Мирон услышал свой голос и сам удивился тому, что заговорил. Он понятия не имел, что хочет сказать. Допрос шел жестко, но на то он и допрос. Побои уже были, Слава не отреагировал на побои, полковник решил поменять тактику — обычное же дело на войне.
Но почему так муторно, так возмутительно и почти страшно Мирону было на это смотреть? Так, что он просто не смог не вмешаться.
Забаев этого не ожидал. Не убирая ноги с паха скорчившегося на земле Славы, приподнял бровь.
— Да, поручик? Вы что-то хотите сказать?
— Прекратите то, что вы сейчас делаете, — сказал Мирон, переходя на французский язык и глядя Забаеву прямо в глаза. — Это недостойно русского офицера. И к тому же не возымеет никакого эффекта.
По некоторым Славиным словам, особенно сказанным в бреду, Мирон заключил, что он из простого народа. Стало быть, скорее всего, французского языка не знает. Но его знали Тимарцев и Чудиновский, и оба, как по команде, повернулись и уставились на Мирона, ошеломленные подобной наглостью и нарушением субординации.
— Что, простите? — спросил Забаев почти ласково — впрочем, тоже по-французски. Хотя Мирон мог поспорить, что его игру полковник поддержал скорее машинально, по салонной привычке, чем всерьез решив прислушаться к мнению зарвавшегося поручика.
— Искалечив его, вы ничего не добьетесь, — твердо сказал Мирон. — Вы его слышали: он верен янычарскому оджаку, считает турков своей семьей. Вы эту дурь из его головы пинками не выбьете. Тут надо иначе действовать.

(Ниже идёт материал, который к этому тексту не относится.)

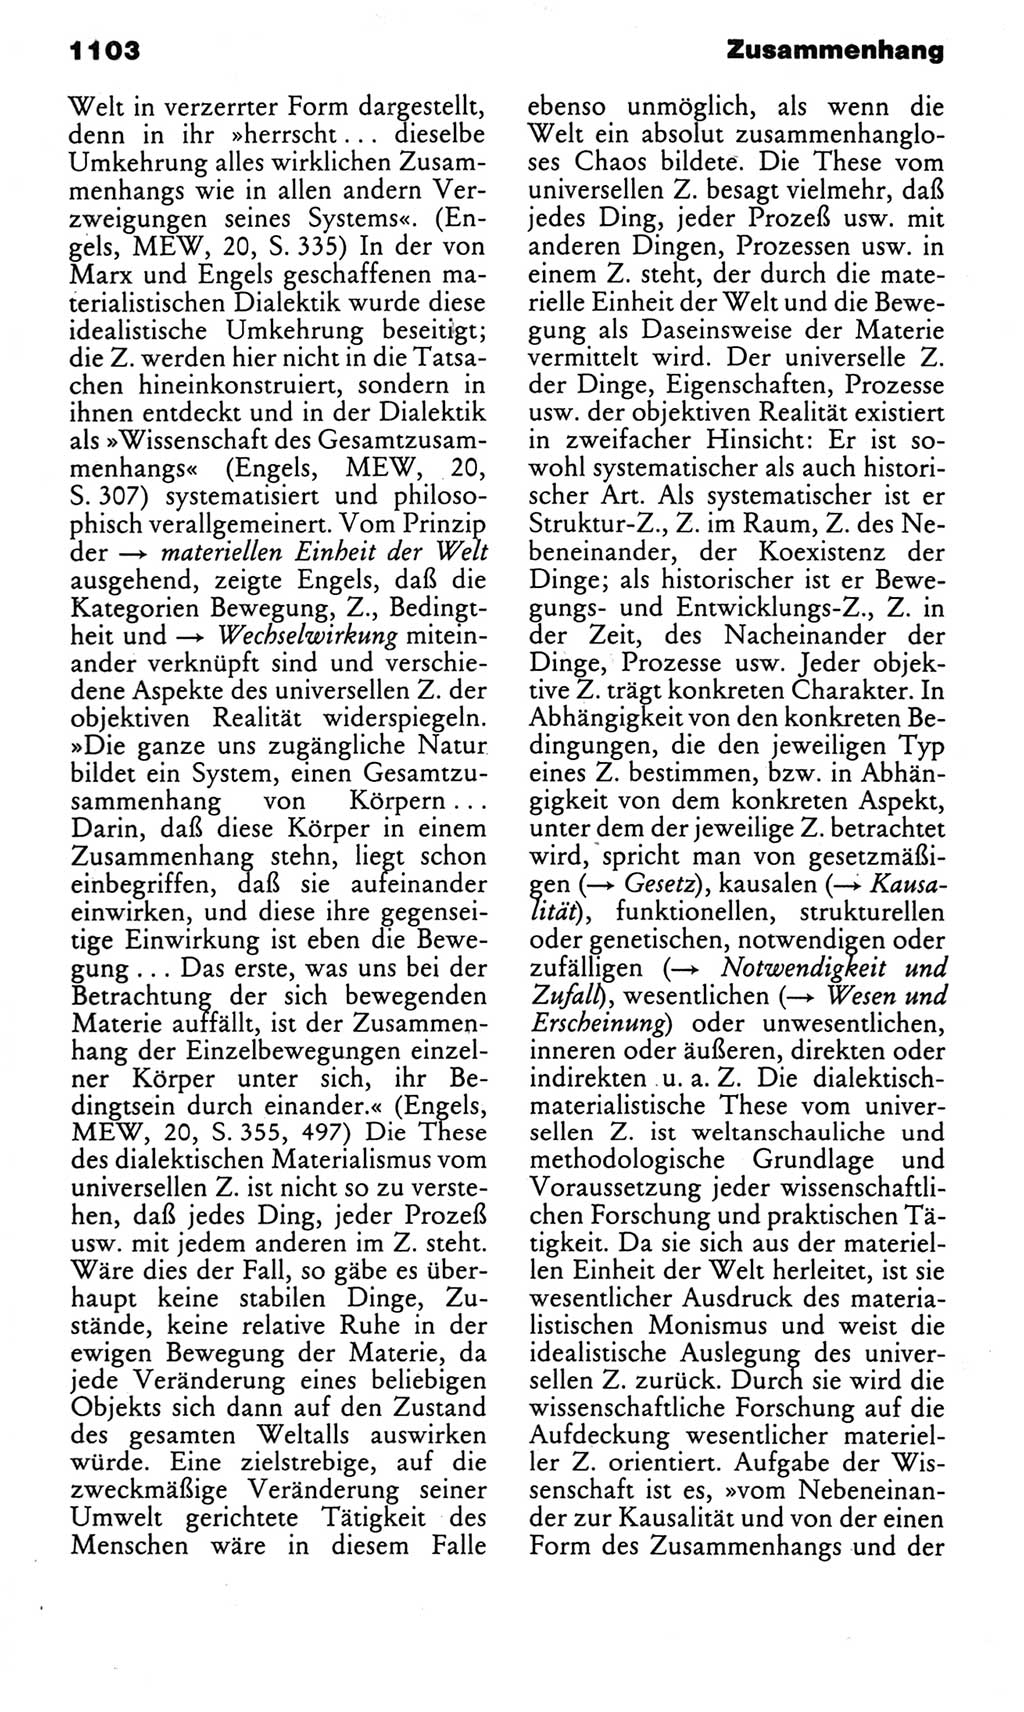 Kleines politisches Wörterbuch [Deutsche Demokratische Republik (DDR)] 1983, Seite 1103 (Kl. pol. Wb. DDR 1983, S. 1103)

— Иначе, да неужели? И как же? Вы, может быть, знаете?
— Может, и знаю.
Он лгал, лгал своему полевому командиру в лицо. Потому что совершенно не представлял, что на самом деле происходит в голове у проклятого пленника. И дернул же черт вообще его сцапать, чего бы в лагере спокойно не сиделось? Но теперь уж поздно сдавать назад. Мирон захватил этого парня в плен, ранил в драке, потом сам же лечил и кормил с собственных рук, как родного брата. И стоять смотреть теперь, как обходится с ним Забаев — это было… было…

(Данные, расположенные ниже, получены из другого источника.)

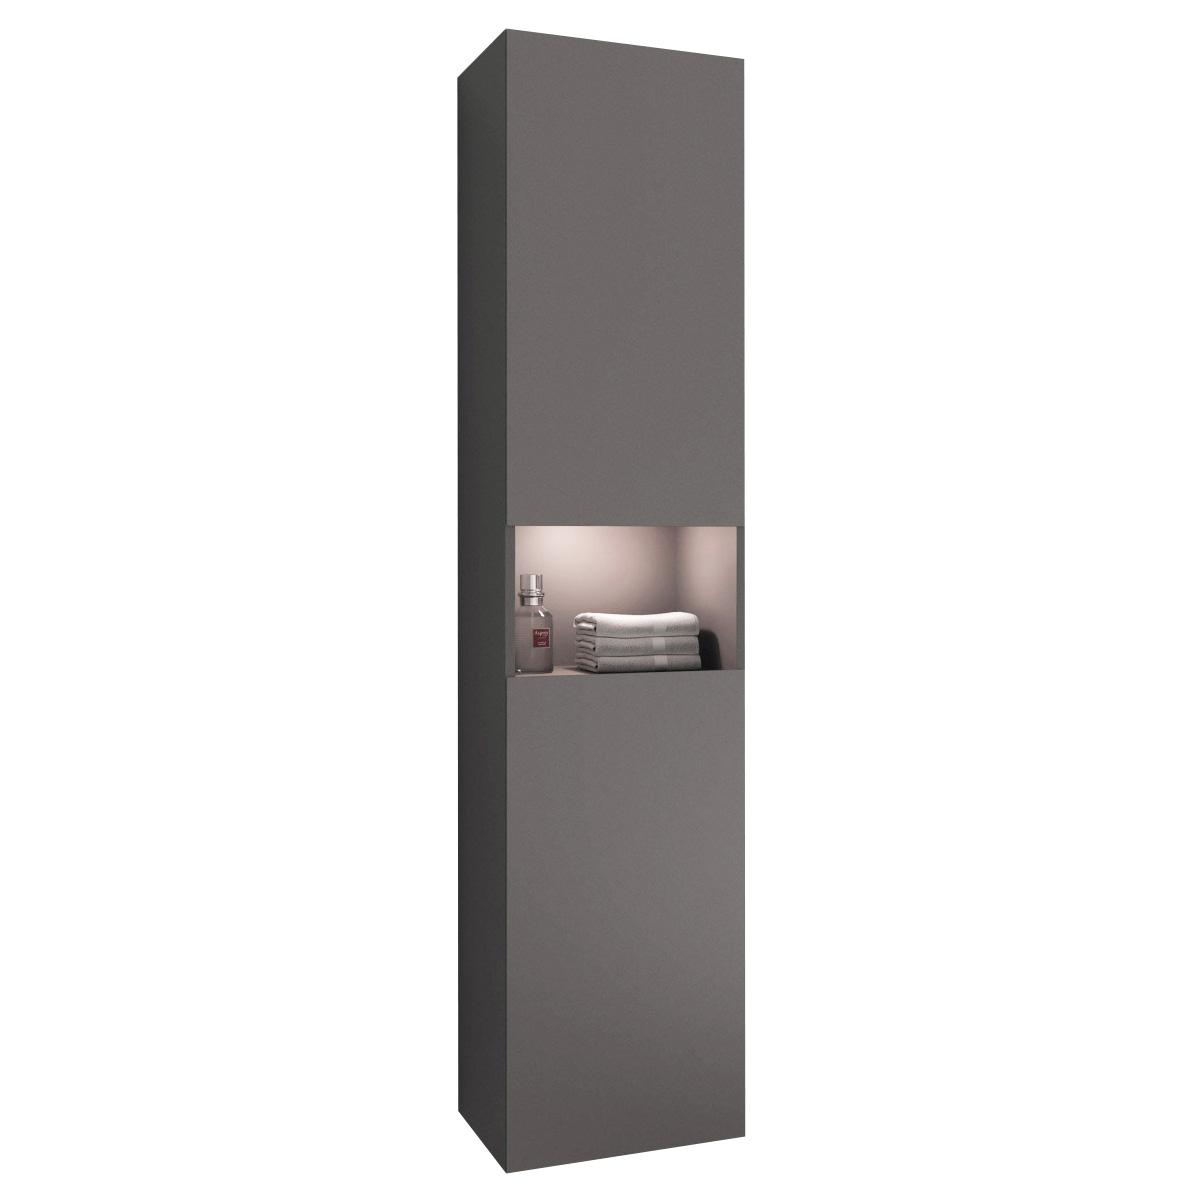 Шкаф для ванной Keuco Stageline 32831290102 инокс матовый с подсветкой, цвет серый

Да не должно так быть! Вот и весь разговор.
— Позвольте мне действовать на свое усмотрение, и он заговорит, — сказал Мирон, по-прежнему по-французски. — Если нет, что ж, тогда делайте, что пожелаете.
— Так и стану делать, поручик. Ведь это МОЙ полк, о чем вы, кажется, на минуту позабыли. Но я прощаю вам нарушение устава, потому что знаю вас не первый месяц и верю, что в вас говорит истинное рвение, а не дерзость, — процедил Забаев и, пнув Славу напоследок в пах, убрал наконец ногу.
Слава перекатился на бок и скрутился в клубок, тихо шипя сквозь зубы. Его плечи дрожали, пальцы связанных рук мелко тряслись. Мирону даже щупать лоб ему не требовалось, чтобы убедиться, что у него опять жар. Нужно забрать его отсюда и опять напоить материным отваром, да поскорее…
Мирон шагнул вперед, жестом велел обоим ротмистрам посторониться, что те и выполнили, хотя и не слишком охотно. Под тяжелым взглядом Забаева Мирон вздернул Славу на ноги. Тот встал и тут же опять стал оседать на подкашивающихся ногах. Мирон мысленно выругался, обхватил его за пояс, пытаясь удержать прямо. Черт, опять на себе придётся волочь, как в первый день.
— Три дня вам даю, поручик, — сказал Забаев у него за спиной, и Мирон, не оборачиваясь, кивнул.
— Слышал, дурак? Три дня у нас есть, — пробормотал он, когда они оказались снаружи.
Слава, не поднимая повисшей головы, пролепетал непослушными губами:
— У тебя, а не у нас. Не повезло тебе, гяур.
Мирон вздохнул, полностью с ним соглашаясь, и потащил назад, к сараю.
Там у входа топтался взволнованный Анатоль. Он, кажется, наконец-то выспался — во всяком случае, мешковатые синяки под вечно вытаращенными глазами стали как будто поменьше. А главное, во взгляде не было больше той смертельной, ко всему на свете равнодушной усталости, что вчера.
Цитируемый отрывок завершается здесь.